DIRECTIONS
When you reach the line with "Pictures from the" in the listing below, transcribe it and each line after it up to and including the line with "Yare: Yachting Aftersales & Refit Experience", exactly and with nothing else.

EXTRACTED ENTRIES
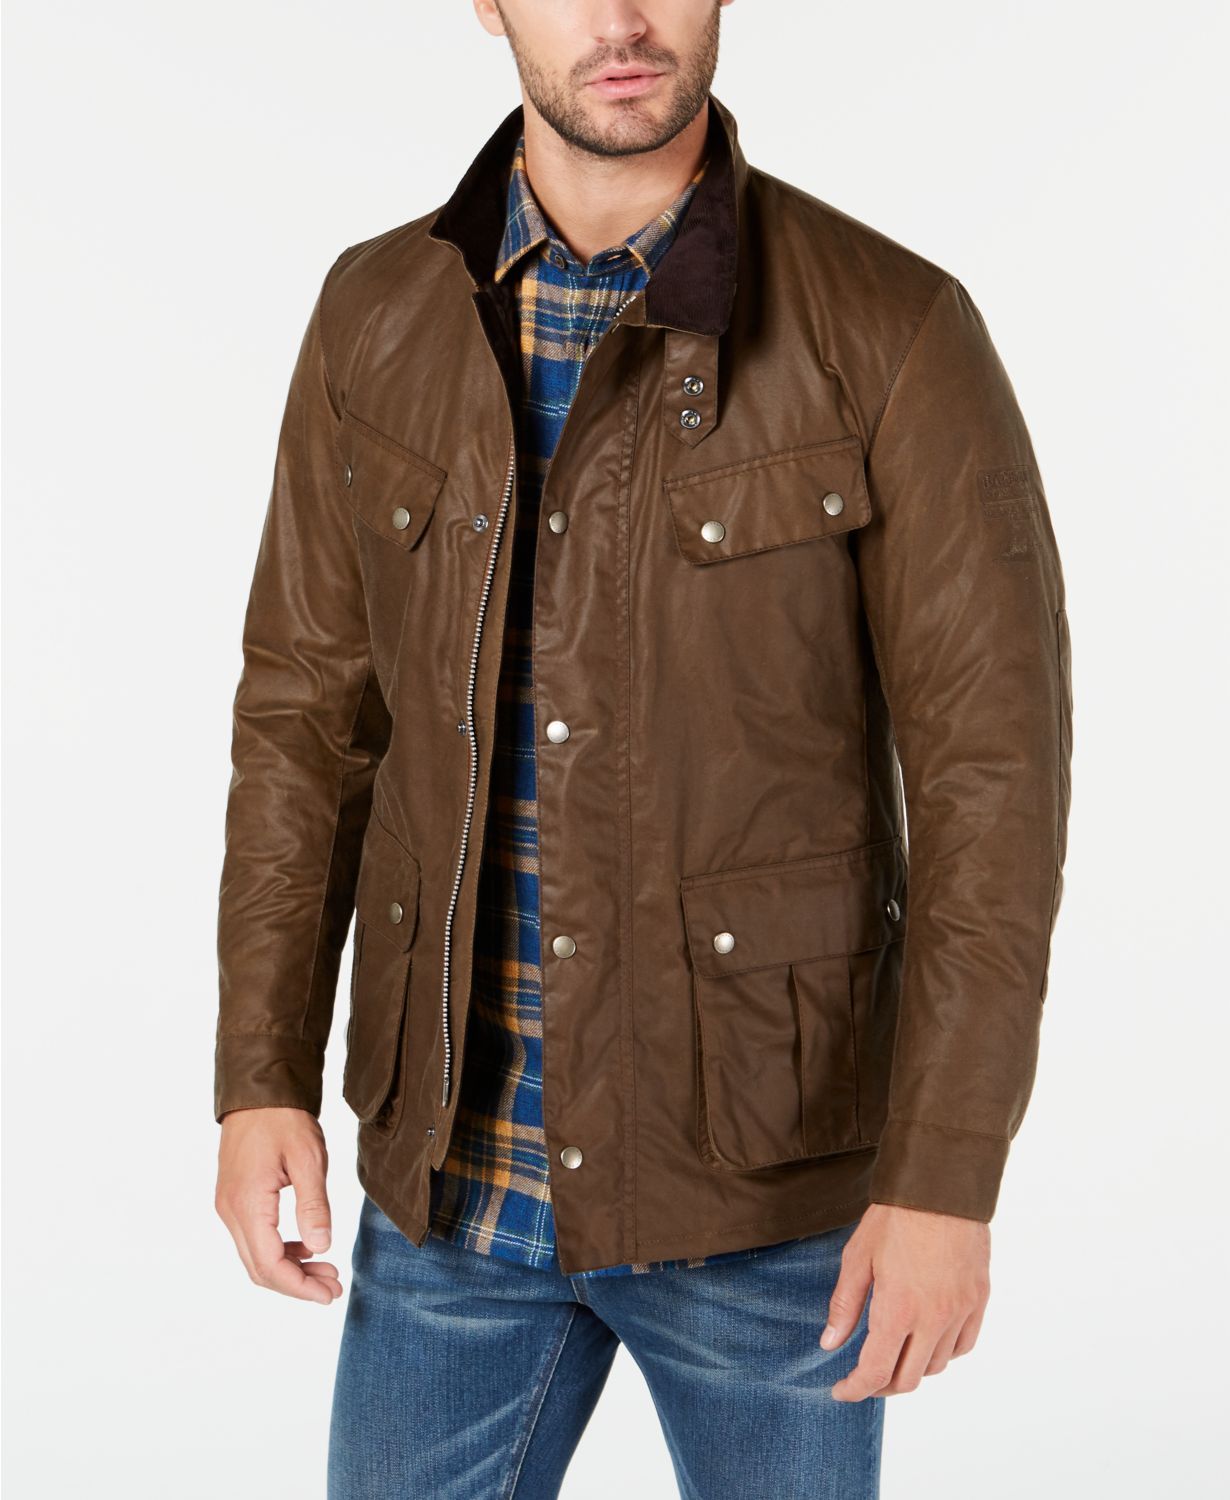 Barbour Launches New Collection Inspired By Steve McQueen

==

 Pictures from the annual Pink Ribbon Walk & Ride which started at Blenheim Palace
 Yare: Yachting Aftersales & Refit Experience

--

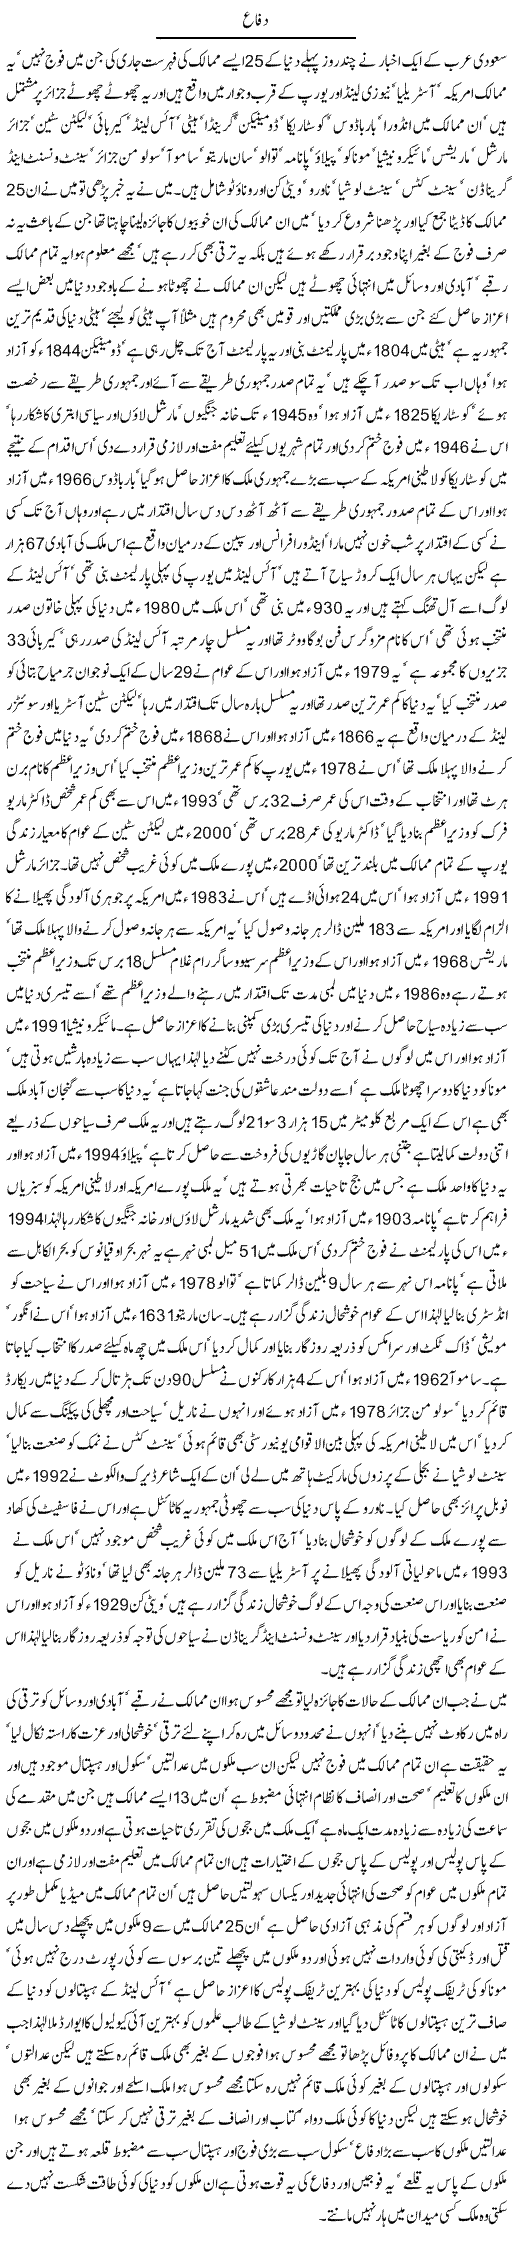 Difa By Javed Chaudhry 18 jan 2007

OUTPUT BELOW
 Pictures from the annual Pink Ribbon Walk & Ride which started at Blenheim Palace
 Yare: Yachting Aftersales & Refit Experience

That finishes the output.